CI: Consolidate test matrix configurations into ci/test-matrix.json with hard-coded values, optimized checkout, and prepared Windows self-hosted runner migration by Copilot · Pull Request #889 · NVIDIA/cuda-python

Copilot · 2025-08-22T01:52:54Z

This PR consolidates the hardcoded test matrices from GitHub workflow files into a centralized JSON configuration file, addressing the issue where test matrix data was scattered and embedded within execution logic.

Changes Made

New file: ci/test-matrix.json

Consolidated all test matrix configurations from both Linux and Windows workflows
All GPU and ARCH values are now hard-coded with no runtime evaluation
Each entry contains exactly 6 fields: ARCH, PY_VER, CUDA_VER, LOCAL_CTK, GPU, DRIVER
Separate entries for amd64 (l4 GPU) and arm64 (a100 GPU) architectures for Linux
Windows entries configured with mixed T4/L4 GPU support and "latest" driver
Added comprehensive documentation and sorting guidelines

Updated workflows:

.github/workflows/test-wheel-linux.yml: Replaced 58-line hardcoded matrix with JSON-based logic, removed runtime GPU substitution, optimized checkout with fetch-depth: 1, configured self-hosted runners with proxy cache support
.github/workflows/test-wheel-windows.yml: Replaced 12-line hardcoded matrix with JSON-based logic, added missing GPU/DRIVER fields, prepared for future self-hosted runner migration with TODO comments, optimized checkout with fetch-depth: 1 for compute-matrix job

Matrix Structure

The JSON now contains explicit entries for each architecture combination:

Linux pull-request: 20 entries (10 amd64 + 10 arm64)
Linux nightly: 48 entries (24 amd64 + 24 arm64)
Linux special runners: 1 entry (H100 for amd64)
Windows pull-request/nightly: 4 entries each (amd64 only with mixed T4/L4 GPUs)
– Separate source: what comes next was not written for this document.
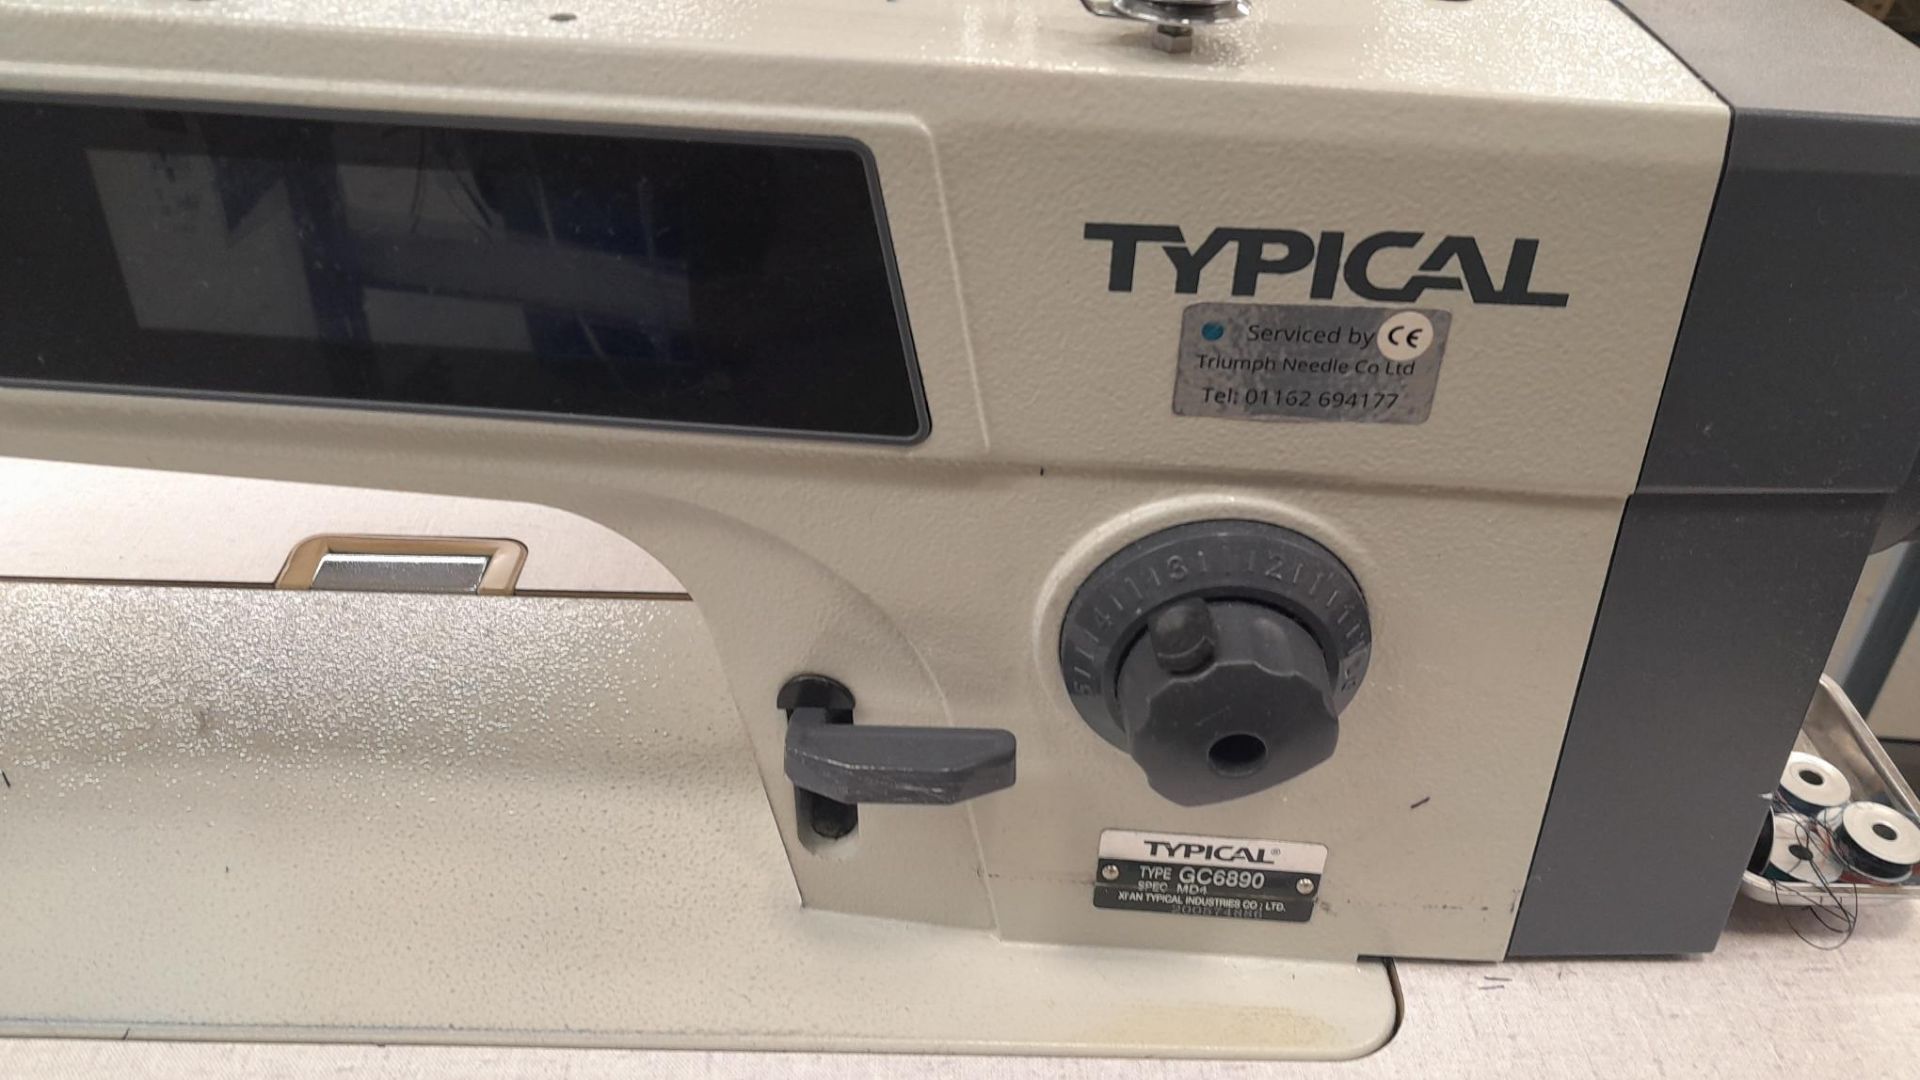 Typical GC6890-MD4 Flatbed Sewing Machine Serial Number 200574886, 240v - Image 3 of 3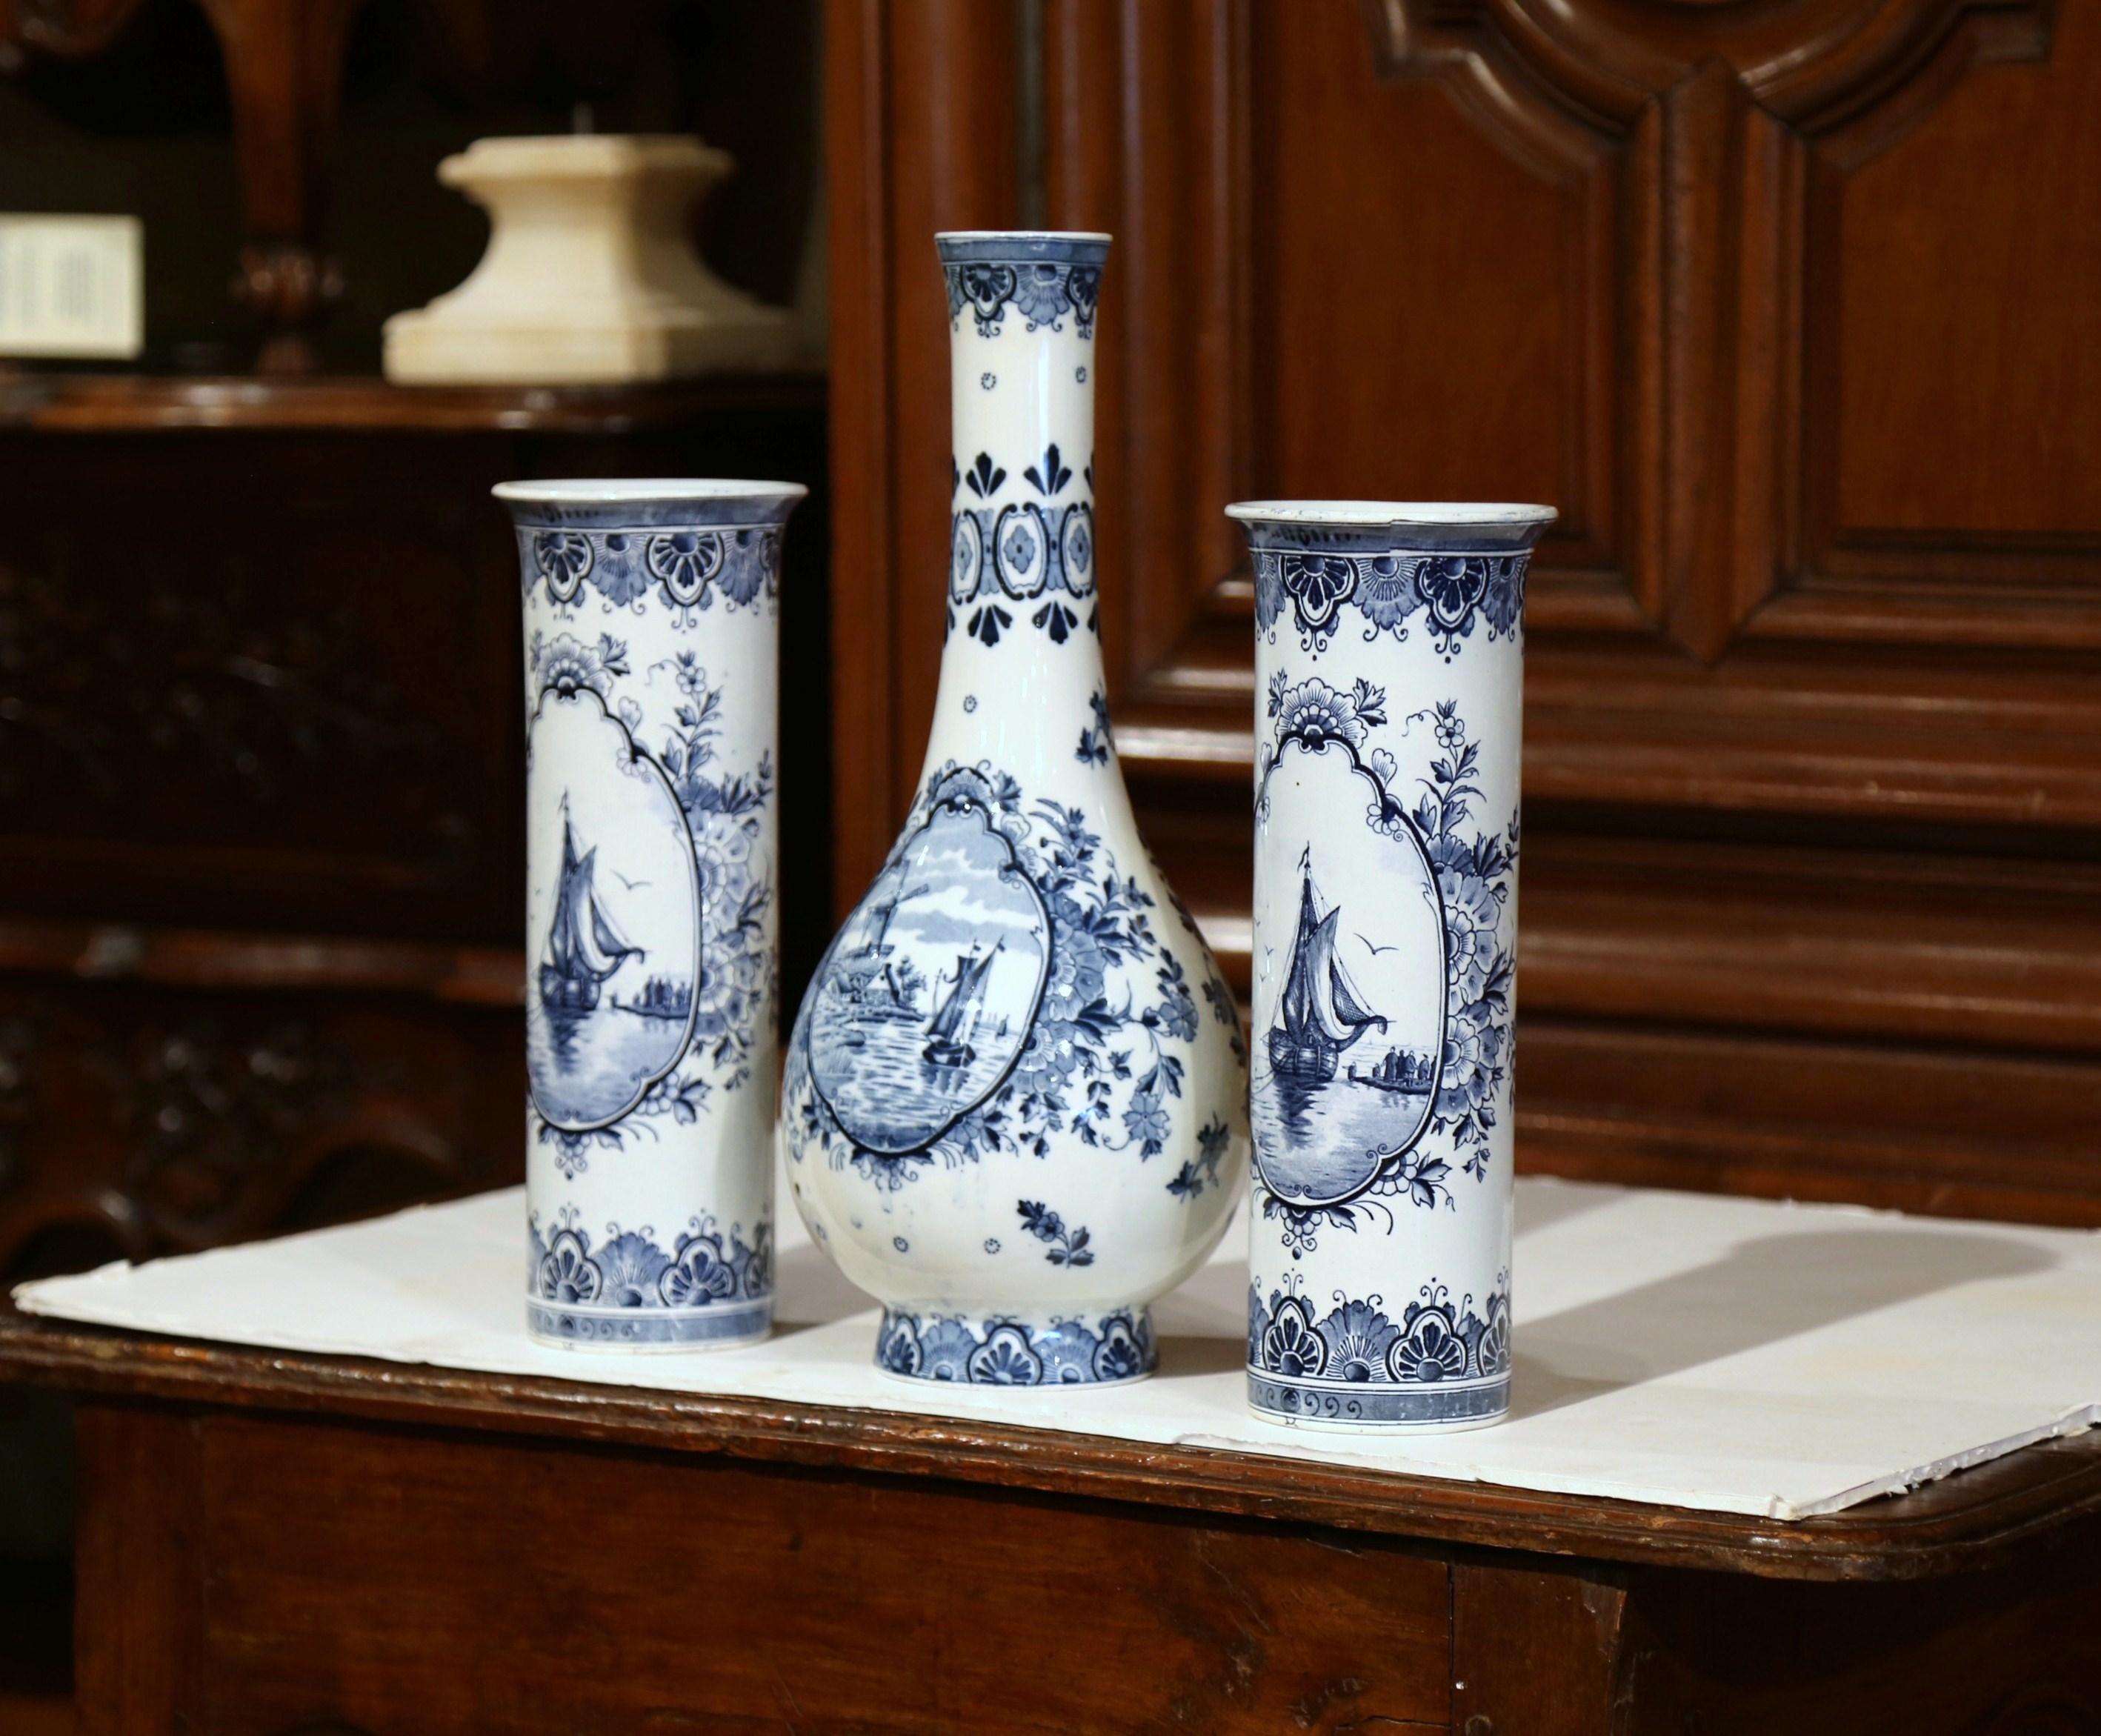 Decorate your mantel with this elegant set of porcelain Delft vases; crafted circa 1950, each hand-painted vase features a center sailboat on water medallion, embellished by floral decor in the blue and white palette. The tall center vase also

All entries follow the consistent 6-field structure with hard-coded values, eliminating runtime evaluation and improving maintainability.

Self-Hosted Runner Configuration

Linux workflow uses configurable self-hosted runners:

Pattern: "linux-${{ matrix.ARCH }}-gpu-${{ matrix.GPU }}-${{ matrix.DRIVER }}-1"
Includes proxy cache setup using nv-gha-runners/setup-proxy-cache@main

Windows workflow remains on GitHub-hosted runners with migration preparation:

Current: 'cuda-python-windows-gpu-github'
Prepared configuration: "windows-${{ matrix.ARCH }}-gpu-${{ matrix.GPU }}-${{ matrix.DRIVER }}-1" (commented with TODO)
Proxy cache setup ready (commented with TODO)
Tool installation blocks marked for removal once self-hosted runners are available

Performance Optimizations

Optimized checkout: Both workflows use fetch-depth: 1 for compute-matrix jobs since git history and tags are not needed
Linux proxy cache: Active proxy cache support improves build performance on self-hosted runners
Windows future-ready: All optimizations prepared for easy activation when self-hosted runners become available

Windows GPU Configuration

Windows test matrix strategically uses both T4 and L4 GPUs to maintain compatibility while leveraging newer capabilities:

Python 3.12 + CUDA 12.9.0: L4 (LOCAL_CTK=0), T4 (LOCAL_CTK=1)
Python 3.13 + CUDA 13.0.0: T4 (LOCAL_CTK=0), L4 (LOCAL_CTK=1)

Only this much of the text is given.